DEPLOYMENT OF IOT-ENABLED SENSING DEVICES FOR REAL TIME FOREST FIRE PREDICTION SYSTEM USING BOUNDARY CONSTRAINED CNN MODEL
Abstract
Forests are vital to human existence as they maintain ecosystem balance, ensuring sufficient rainfall and other essential resources. Wildfires pose a significant threat to forested areas, capable of rapidly destroying vast numbers of trees and animals within hours. Technologies such as deep learning, the Internet of Things (IoT), and intelligent sensors offer promising solutions for creating a smart wildfire prediction system to help preserve the environment. This work proposes a method for predicting forest fires using boundary-constrained convolutional neural networks (CNNs).
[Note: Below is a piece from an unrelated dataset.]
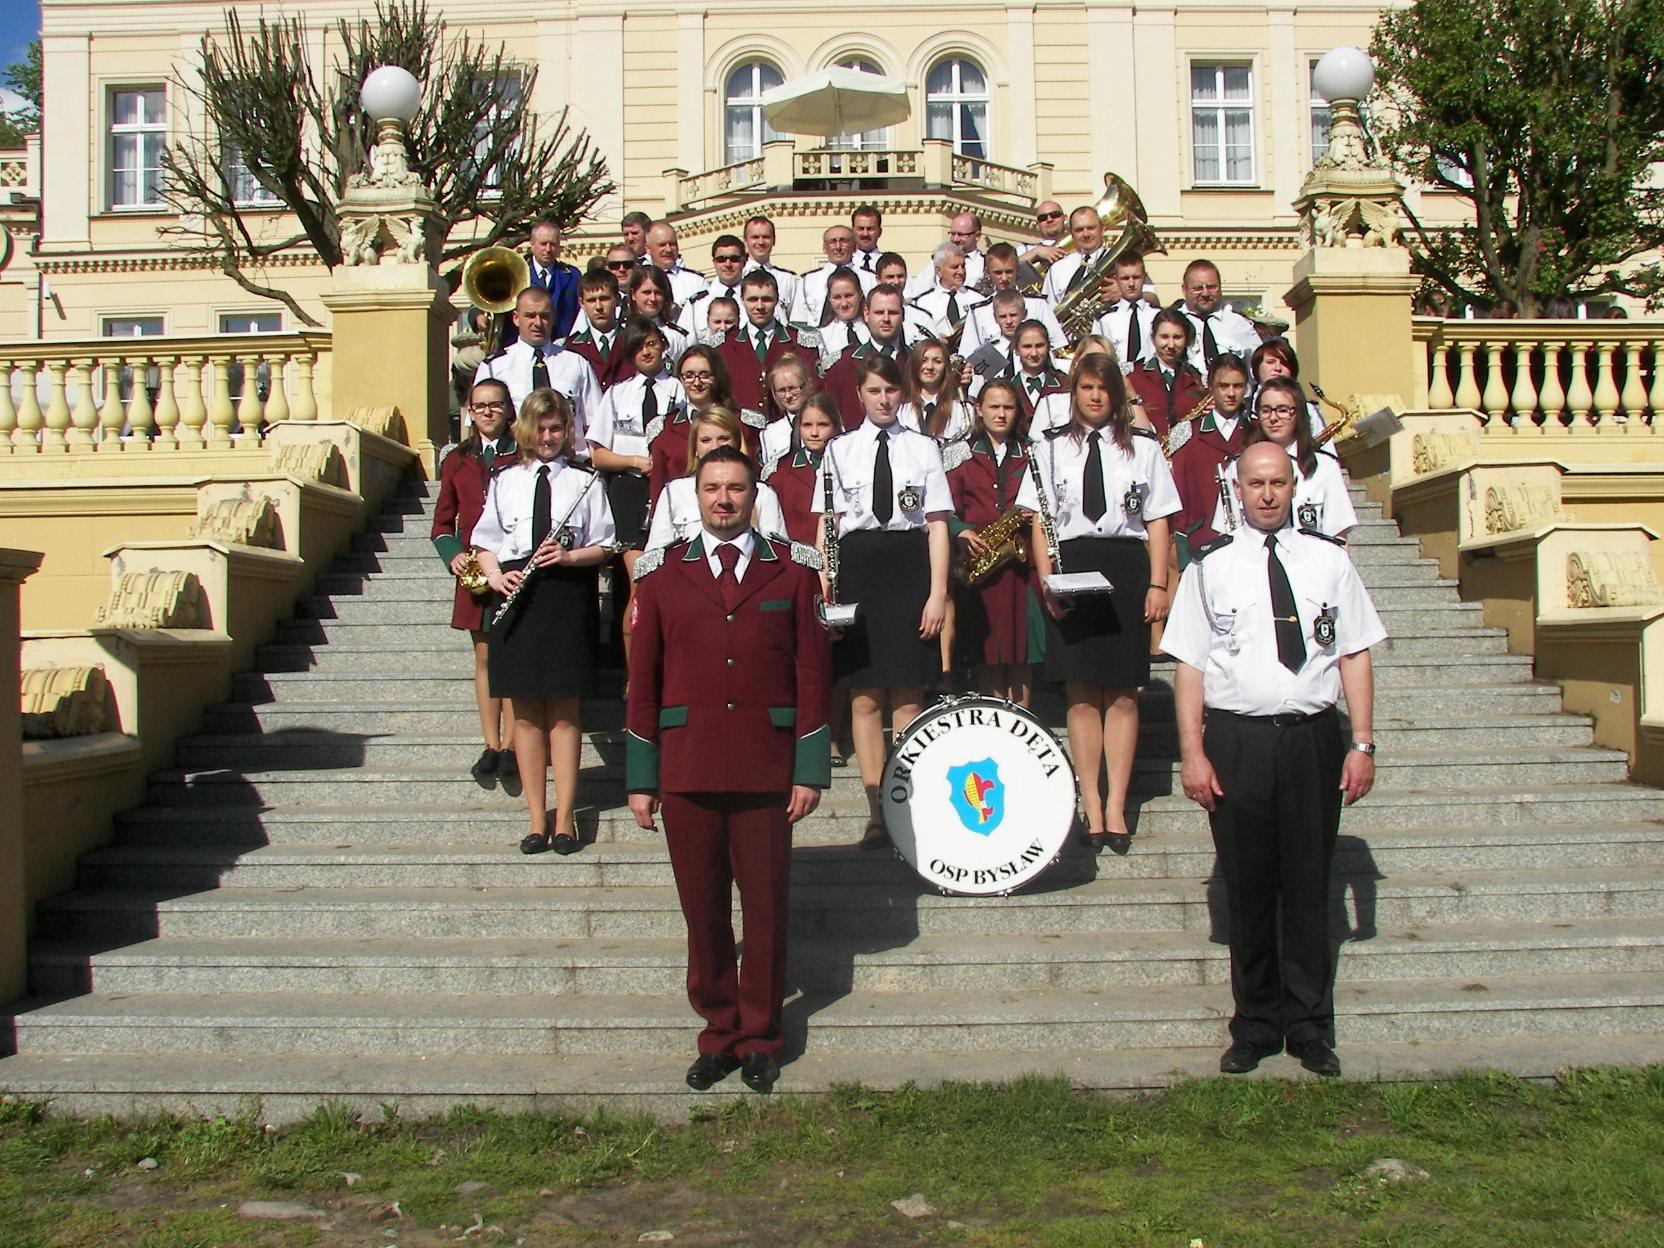 Przegląd Orkiestr Dętych o Puchar Marszałka Województwa Kujawsko-Pomorskiego - 11 maja 2014

The system employs a sensor device integrated with the framework to detect forest fires based on learned reasoning. A 1020-megapixel digital camera has been adapted for monitoring purposes. The sensing device is equipped with two robust sensors: one for smoke detection and another for temperature and humidity observation. Utilizing these sensors, the NodeMCU processor reports data on fumes, humidity, and moisture. The IoT enables wireless alerting by transmitting data. The system collects and stores forest data sent by the sensor unit to a remote cloud computing environment. Acting as a continuous bridge between the sensor assembly and the server, the NodeMCU processor is equipped with WiFi for internet data retrieval. The proposed method effectively recognizes fire indicators and alerts the appropriate parties to take necessary measures to extinguish a forest fire.